■ **WORK TO COMPLETE**: Would you give the listing again exactly as written, minus its pictures?

■ **DATASET CONTENT**:
....
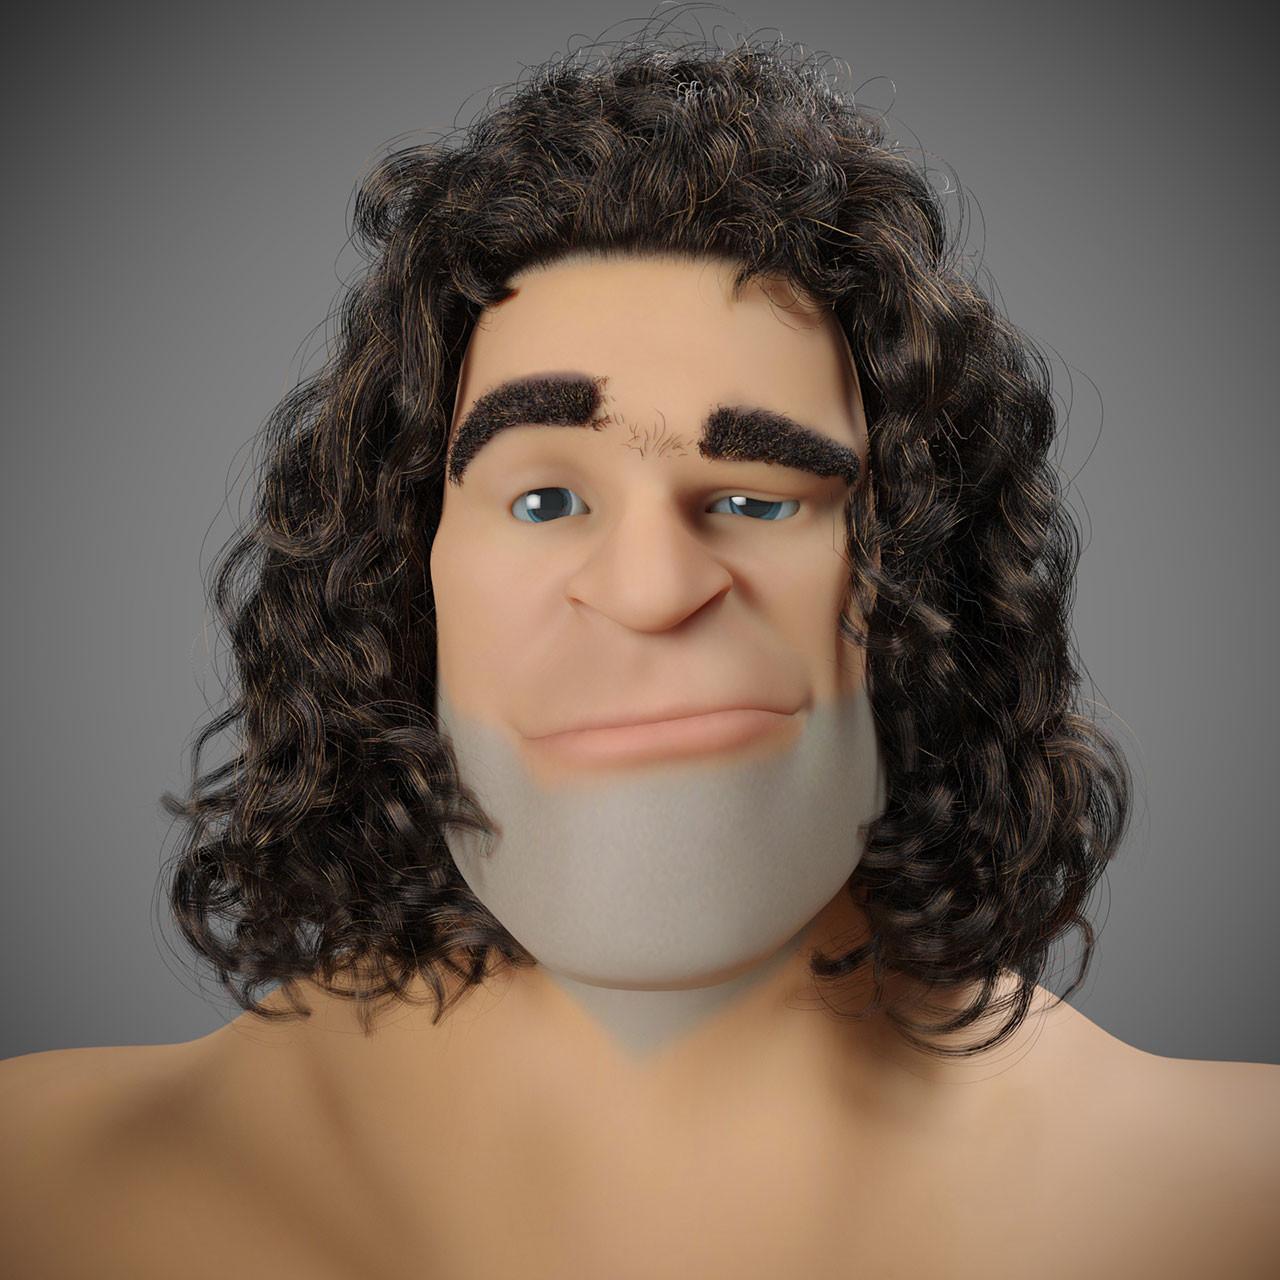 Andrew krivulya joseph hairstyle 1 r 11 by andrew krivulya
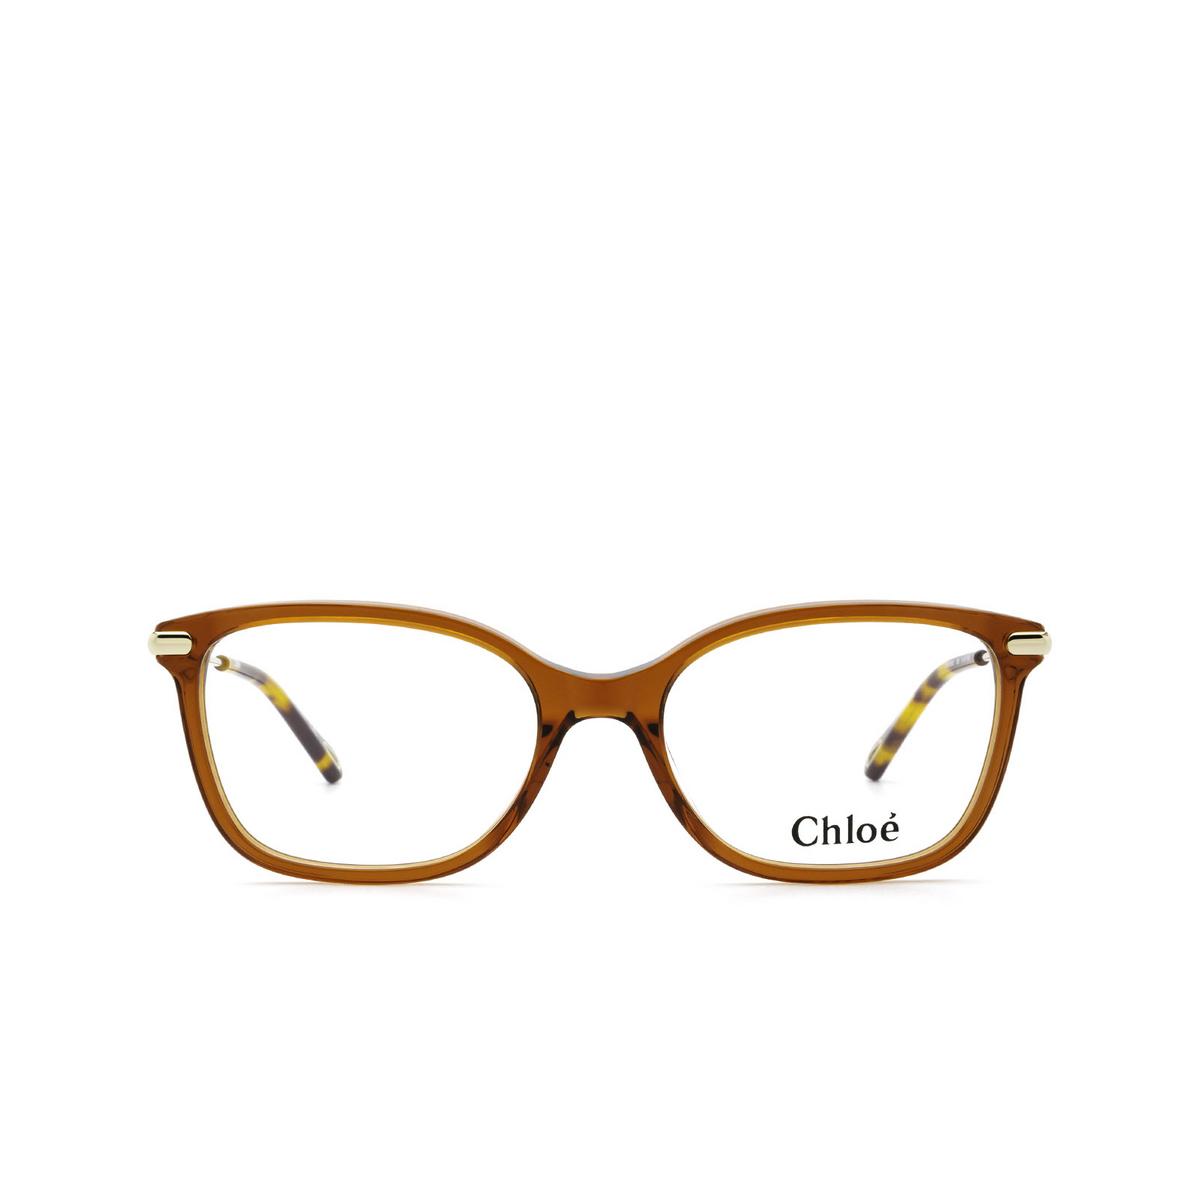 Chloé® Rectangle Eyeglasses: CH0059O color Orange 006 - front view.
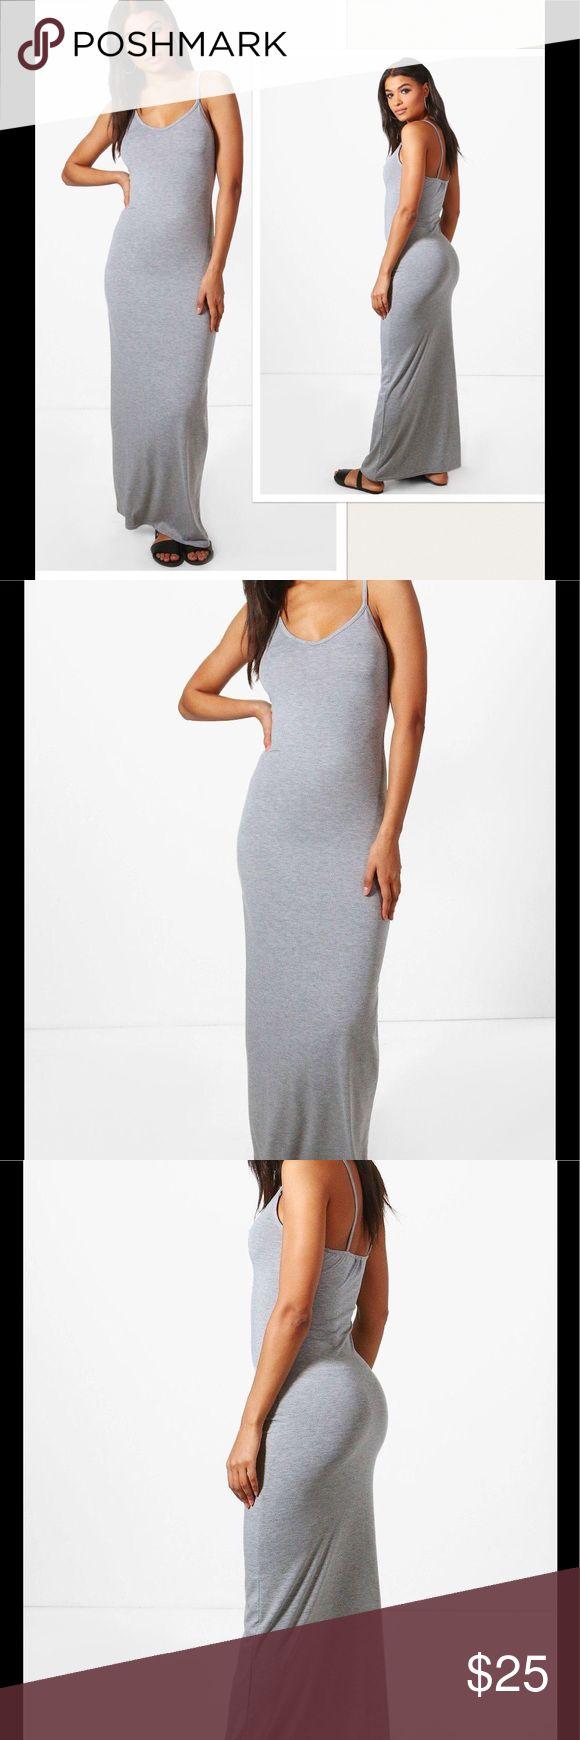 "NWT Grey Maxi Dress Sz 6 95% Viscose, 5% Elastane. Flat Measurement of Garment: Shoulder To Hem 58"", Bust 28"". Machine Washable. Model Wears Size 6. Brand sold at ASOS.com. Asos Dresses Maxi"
....
■ **THE COMPLETED TASK**:
 Andrew krivulya joseph hairstyle 1 r 11 by andrew krivulya
 Chloé® Rectangle Eyeglasses: CH0059O color Orange 006 - front view.
 "NWT Grey Maxi Dress Sz 6 95% Viscose, 5% Elastane. Flat Measurement of Garment: Shoulder To Hem 58"", Bust 28"". Machine Washable. Model Wears Size 6. Brand sold at ASOS.com. Asos Dresses Maxi"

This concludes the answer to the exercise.